There should be a larger screw above or below those two screws and that would be the idle screw. You can also slow the saw with the low-speed screw by backing it out (counterclockwise). The carb diaphragms may be stiff from sitting and the carb may need a kit.


----------



## Tapew0rm (Dec 19, 2007)

Jacob J. said:


> There should be a larger screw above or below those two screws and that would be the idle screw. You can also slow the saw with the low-speed screw by backing it out (counterclockwise). The carb diaphragms may be stiff from sitting and the carb may need a kit.



Thanks for the reply Jacob J. There is another screw but it's marked with a "T". Is that the idle screw? I figured the T stood for Timing. Yes... I'm new at this..


----------



## 308stanger (Dec 19, 2007)

On every saw the "h" means that's the "high" side adjustment. It regulates how much fuel is being poured into the motor during high rpm's. The "L" means that's the "low" side adjustment. It regulates how much fuel is being dumped in the motor around the low rpm's(idle to about half of it's full rpm's) The other mainly larger screw is the idle screw, it adjusts how fast you want the motor to idle at. All of the screws work the same way.The more you tighten them (to the right) the less fuel that goes in on that particular part of the rpm range. The more you loosen them (to the left) the more fuel gets dumped in on that rpm range. And the idler screw works the same way. If you tighten the screw the slower it will idle. The more you loosen it the faster it will idle. But be very cautious as the "H" and "L" screws don't need but just a touch to make a difference in the performance of the saw. Most books tell you to turn them in 1/8 turn increments. Hope this helps you!!!!


----------



## smokechase II (Dec 19, 2007)

*Re-word last post a little*

"On every saw the "h" means that's the "high" side adjustment. It regulates the *fuel/air mixture *that is being passed into the motor during high rpm's. The "L" means that's the "low" side adjustment. It regulates the *fuel/air mixture *that is being passed in the motor around the low rpm's"

The idle screw is another throttle, if you will. Just that it sets the least amount of fuel that is sent to the carb until the trigger throttle opens up more fuel.

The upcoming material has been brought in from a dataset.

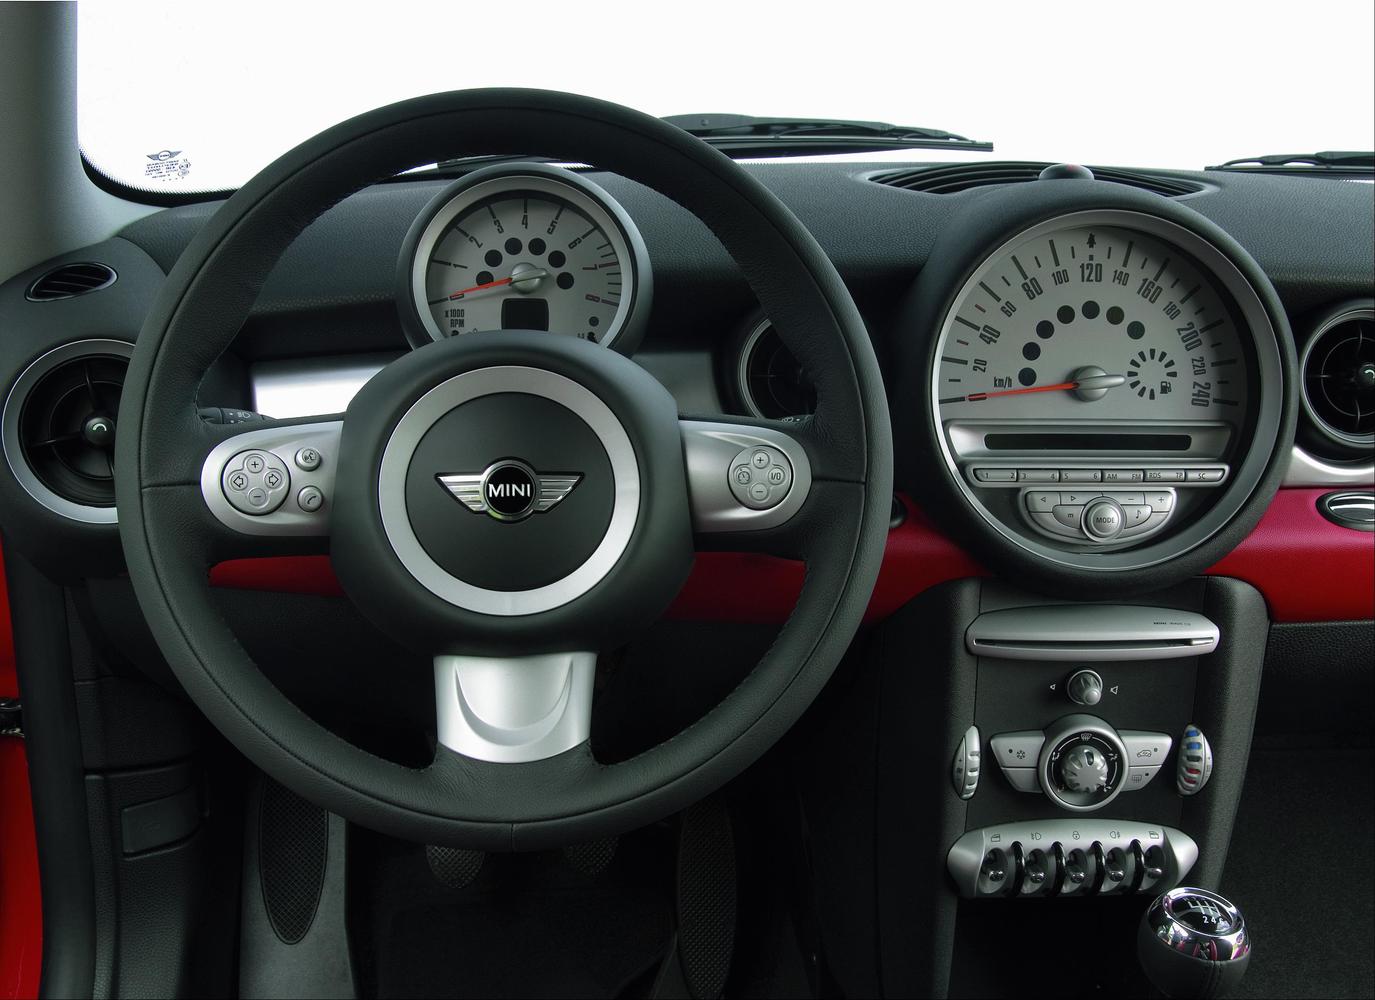 хэтчбек 3 дв. MINI Hatch 2006 - 2010г выпуска модификация 1.6 AT (109 л.с.)

You want to get your saw running where at idle the chain isn't turning, but it purrs steadily and doesn’t need additional throttling. _This will require some coordination between the low jet and idle screw._

BUT also make sure that the saw goes promptly to high RPM's with acceleration. No hesitation. _This will also require some coordination between the low jet and idle screw and then the high jet._

To get to the first level Grasshopper, is easy. The second may require some tinkering and experience.

Also be aware that different saws will vary. An 046, more of a power torque saw will not leap to rpm's the way a thinning saw would.

This is all actually really important.
1) Safety; don't be operating a saw with the chain turning at idle.
2) Equipment care; don't be operating a saw that is leaned out, (too high rpm's), and damaging the piston/cylinder).

*********************

Normally you do not have to adjust your jets or idle unless you change elevation.


----------



## Tapew0rm (Dec 19, 2007)

Thanks all. The info you've given me is extremely helpful and much more than I've been able to glean from the manual at getsaws.


----------



## Dan Forsh (Dec 19, 2007)

308stanger said:


> ... All of the screws work the same way.The more you tighten them (to the right) the less fuel that goes in on that particular part of the rpm range. The more you loosen them (to the left) the more fuel gets dumped in on that rpm range. And the idler screw works the same way. If you tighten the screw the slower it will idle...



I think you're a little confused here. Tightening the idle (T) screw will increase the engine speed, not slow it down. The idle screw usually acts direct on the throttle arm either by the end of the screw pushing on it as you tighten it or the type which has a large cone shaped head whereby the cone acts on the lever. Both types increase engine speed as you turn them in, clockwise. 

Not a big deal and something you will soon work out for yourself.


----------



## 308stanger (Dec 19, 2007)

Yeah my bad on that, just got a little ahead of myself there but thanks for catching that.


----------



## Wood Junkie (Dec 19, 2007)

*Good stuff in the search option*

All good advise guys, I would suggest using the search option on the upper RH of your screen.....not being a smart arse......it has helped me immensly......there is a good link to setting your carb on there.


----------